At this time, we have mostly all data cover by backup or OVA, but nearly
all VMs are down and can't be restarted (i explain why at the end of the
mail). Some export in OVA failed (probably, but not only), because of of
free space on storage. So we have to rebuild a clean cluster without
destroying all the data we still have on our disks. (Import domains
function should do the trick, i hope)
I checked on the NFS storage, and it looks like there's files who might
be OVA in the images directory,
I don't know the ova export code, but I'm sure it does not save in the
images
directory. It probably creates temporary volume for preparing and
storing the
exported ova file.
Arik, how do you suggest to debug slow export to OVA?
That might not be a bug, some
of them make hundred of Gb, it can be
"normal". Anyway, files doesn't have the .ova extension (but the size
matchs the vms)
and OVF files in the the master/vms
OVF should be stored in OVF_STORE disks. Maybe you see files
created by an old version?
well, it was file with ovf extension on NFS, but i might
be wrong, it's
this type of path :
c3c17a66-52e8-42dc-9c09-3e667e4c7290/master/vms/0265bf6b-7bbb-44b1-87f6-7cb5552d12c2/0265bf6b-7bbb-44b1-87f6-7cb5552d12c2.ovf
but it maybe only on exports domains.
A little after my mail, and like you mention it under, i heard about the
"import domain" function in storage domains, which makes me hope my mail
was meaningless, i'll try it in a few hours with true vm inside.

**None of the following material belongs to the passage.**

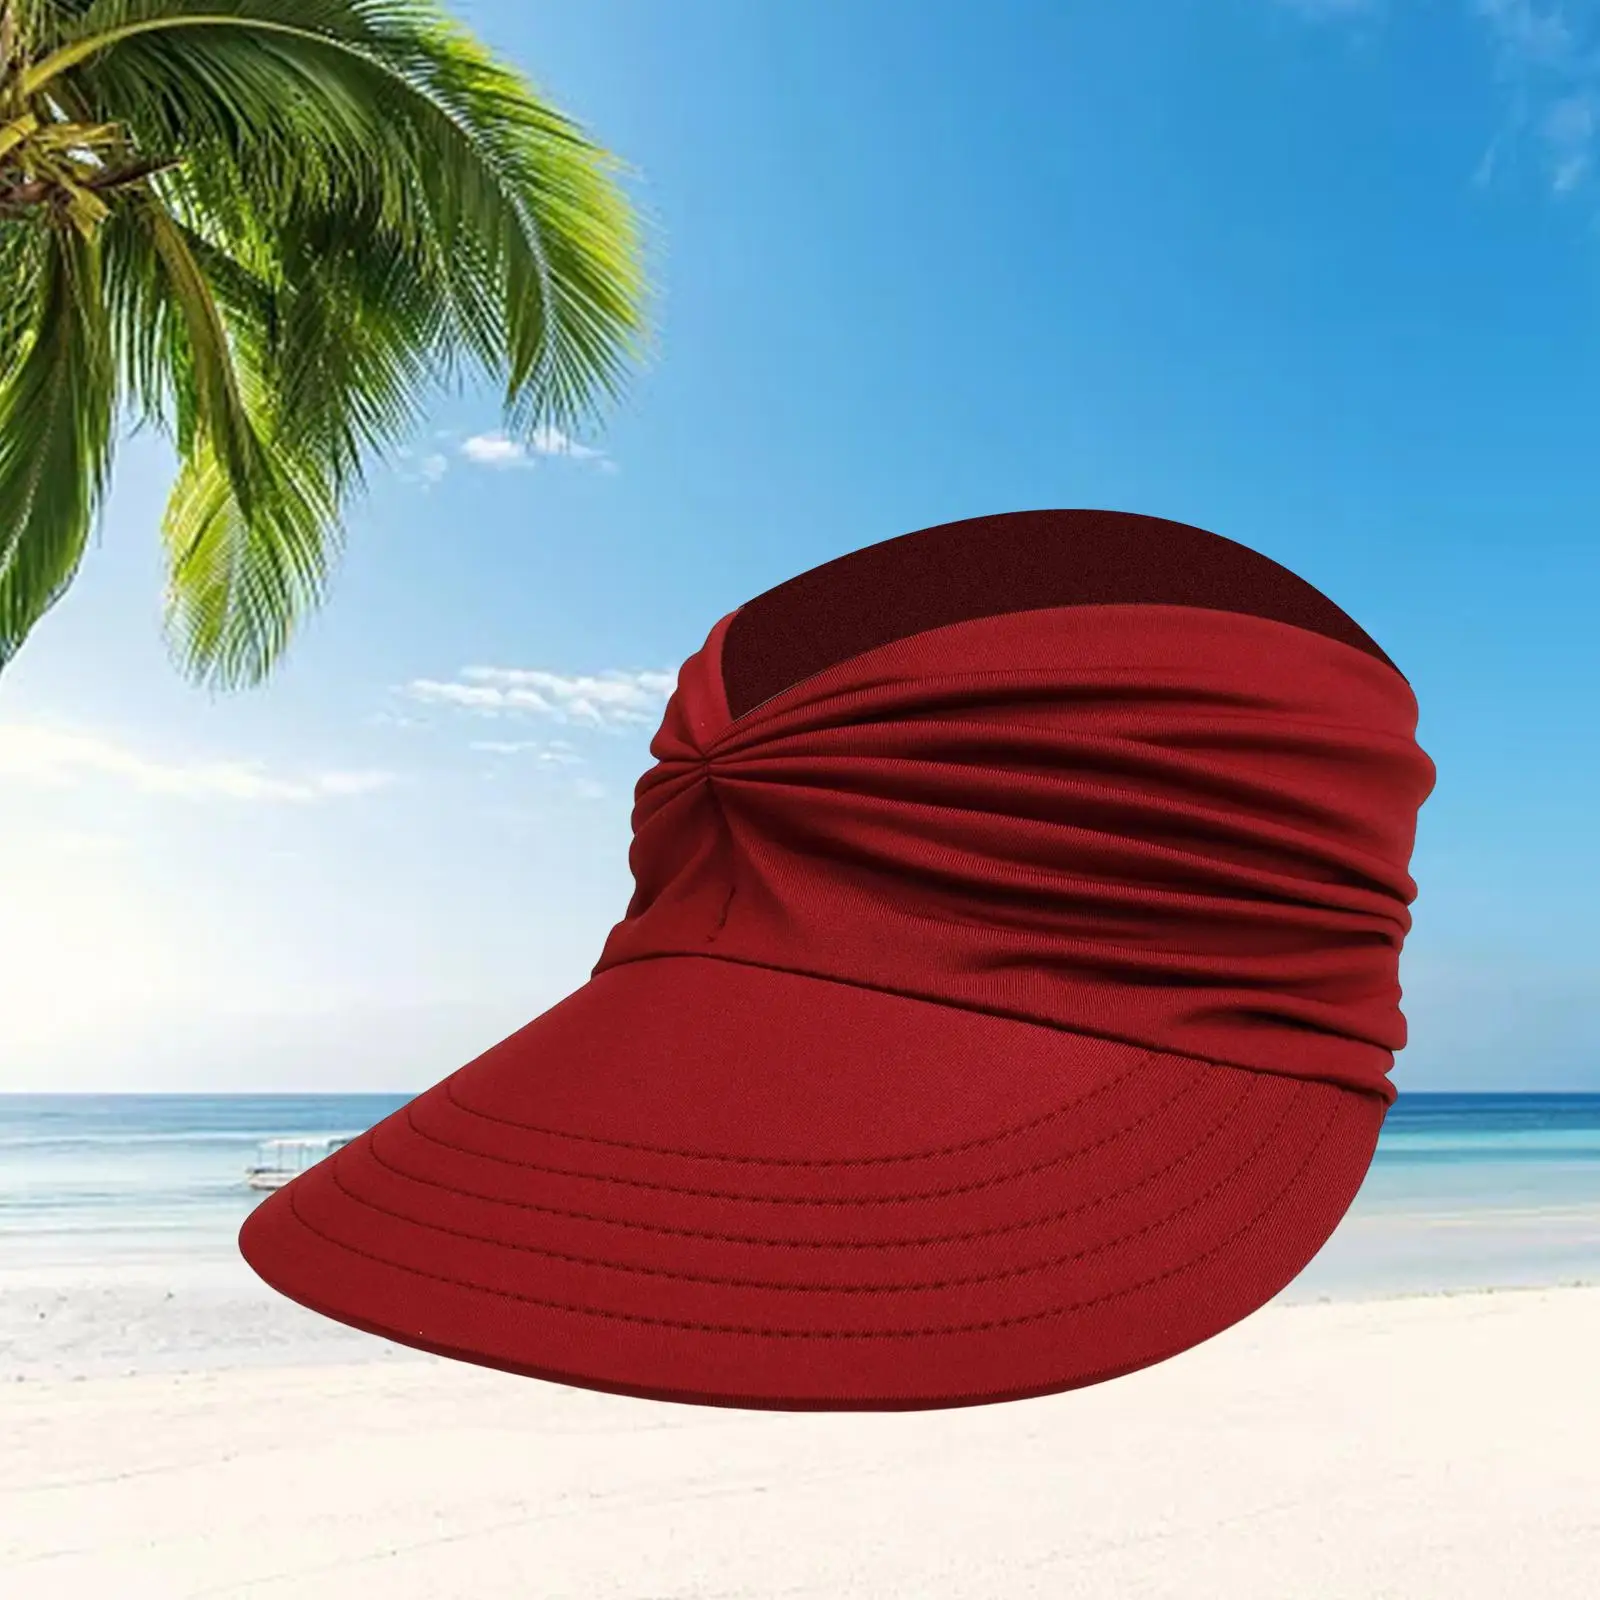 Hollow Top Hats Curly Hair Messy Bun Women Sun Visor Hat for Outdoor
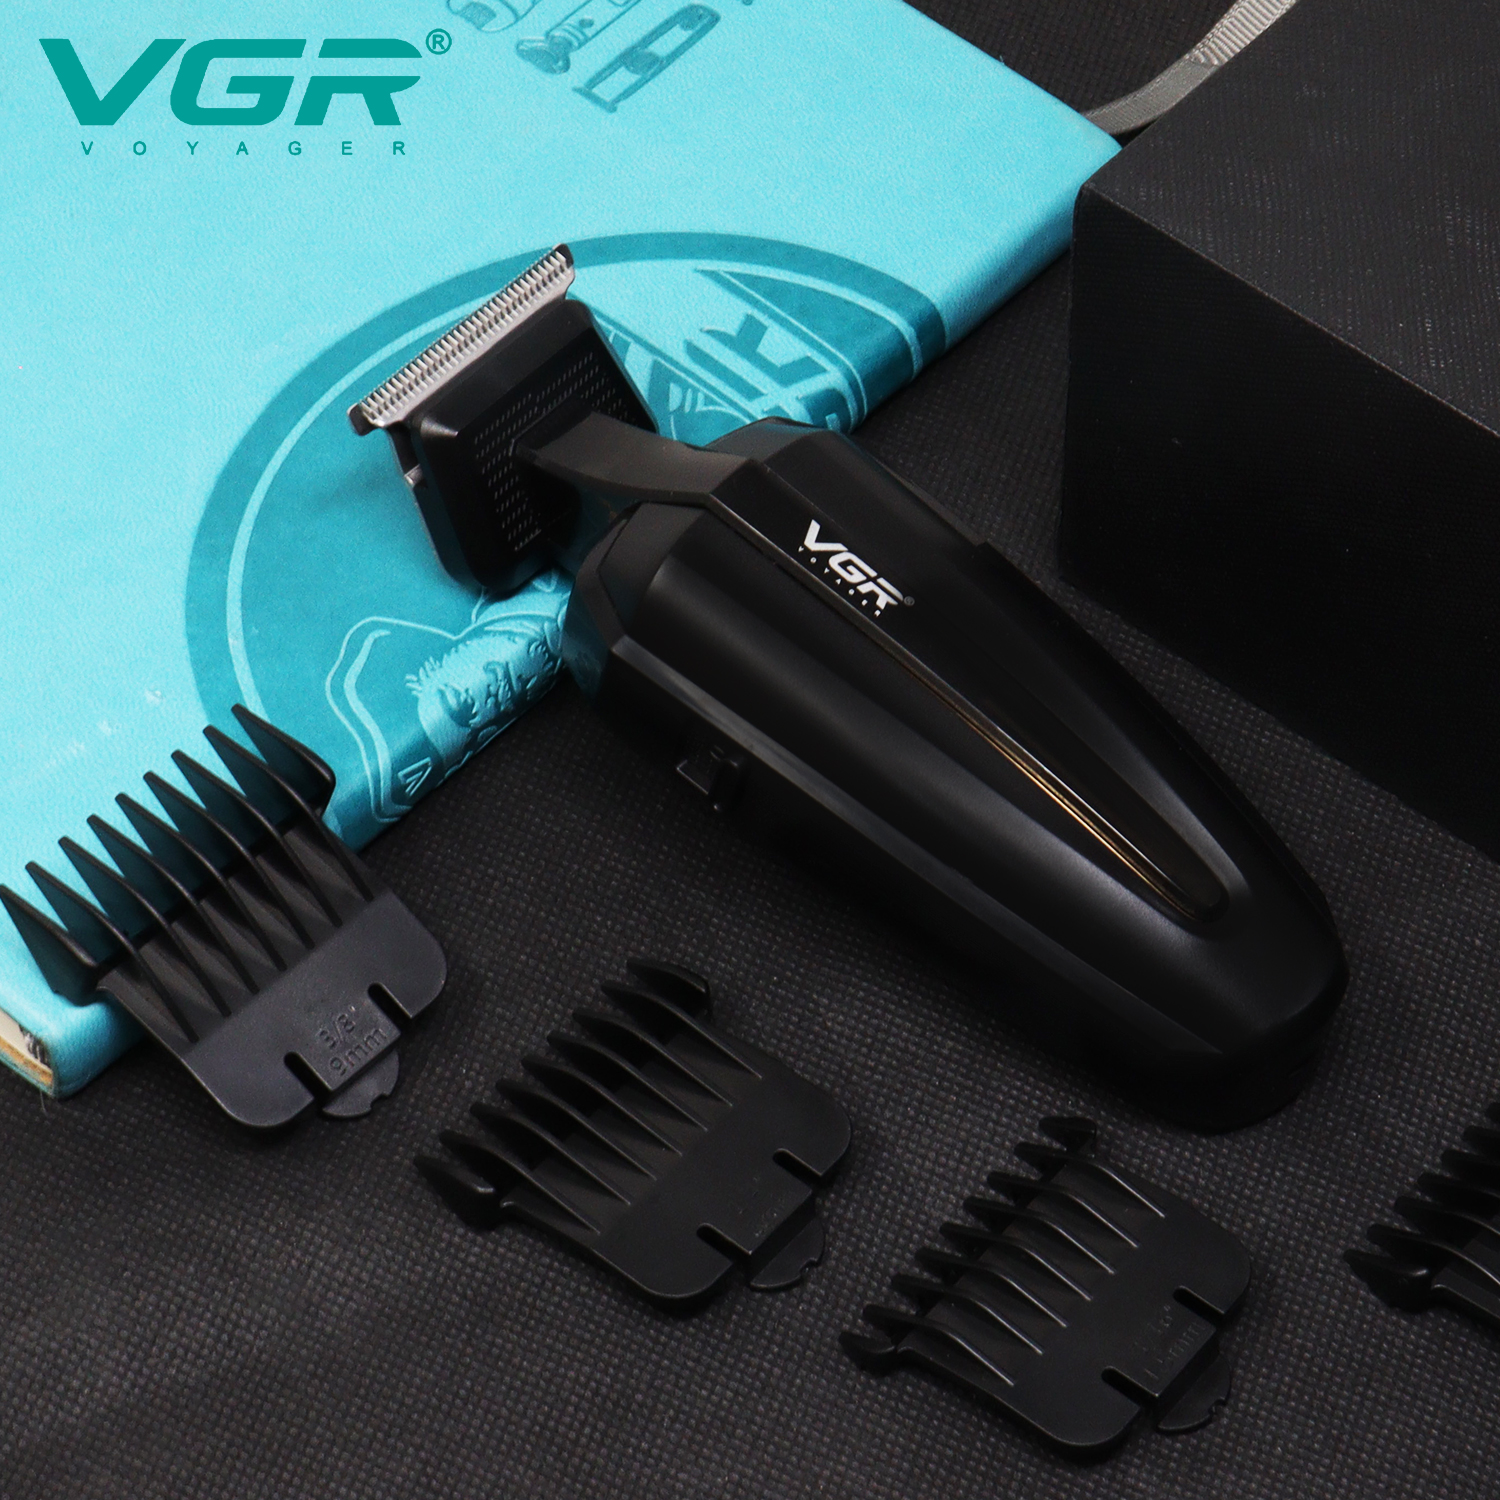 Buy Vgr Hair Trimmer At Best Price 16647736196

Can someone tell me if, when i install a new engine,
there's a way to get this VMs back inside the new engine (like the
import tools by example)
What do yo mean by "get this VMs back"?
If you mean importing all vms and disks on storage to a new engine,
yest, it should work. This is the base for oVirt DR support.
Yes, thank you.
ps : it should be said in the documentation to NEVER use backup of an
engine when he is in a NFS storage domain on a node. It looks like it's
working, but all the data are unsynch with reality.
Do you mean hosted engine stored on NFS storage domain served by
one of the nodes?
Yes
Can you give more details on this problem?
ovirt version 4.2.7
I'll try to make it short, but it's a weeks worth of stress and wrong
decisions.
We have build our cluster with a few nodes, but our whole storage are on
the nodes (the reason we choose NFS). And we put our engine on one of
this node in a NFS share. We had regular backup. I saw someday that the
status of this node was detoriated (on nodectl check), and it
recommanded us to make a lvs to check.
[ Small precision, if needed, the node has a three disks, merge in a
physical raid5. The installation of the node was a standard ovirt
partitionning except for one thing : we reduced the / part (without size
problem, it's more than 100Gb), to make a separate part in xfs to store
the vm data, this part have shares with the engine, data (vms) and iso
(export is on a NAS). ]
When I check with lvs, the data partition was used at 99.97% (!) when
the df says 55% (spoiler alert, df was right, but who cares).
There's a few days, it wasn't 99.97% but 99.99% (after a log collector,
love the irony) and the whole node crash, with engine on it, of course.
I restarted the cluster on another node, without too much trouble. Then
I looked how to repair the node where the engine was stored.
It seems there were no real solution to clean the lvs (if it was what we
should have done), so i decided to rebuild the whole node, and to
reinject the backup inside the node (it seems it's impossible to move
the engine once it's stored).
Well, i did that, and it has been hell since. It looks like the old
engine, but there's no control other vms, and a few things point on non
existing part (like the engine storage, the engine vm). Mostly i have a
tons of error "command Get Host Capabilities failed: General SSLEngine
problem" on the rebuilded node, but for what i see, the management of
the vm is whole gone on all nodes. Worse thing is that i didn't realise
only after some of the VMs crashed, without being able to restart them.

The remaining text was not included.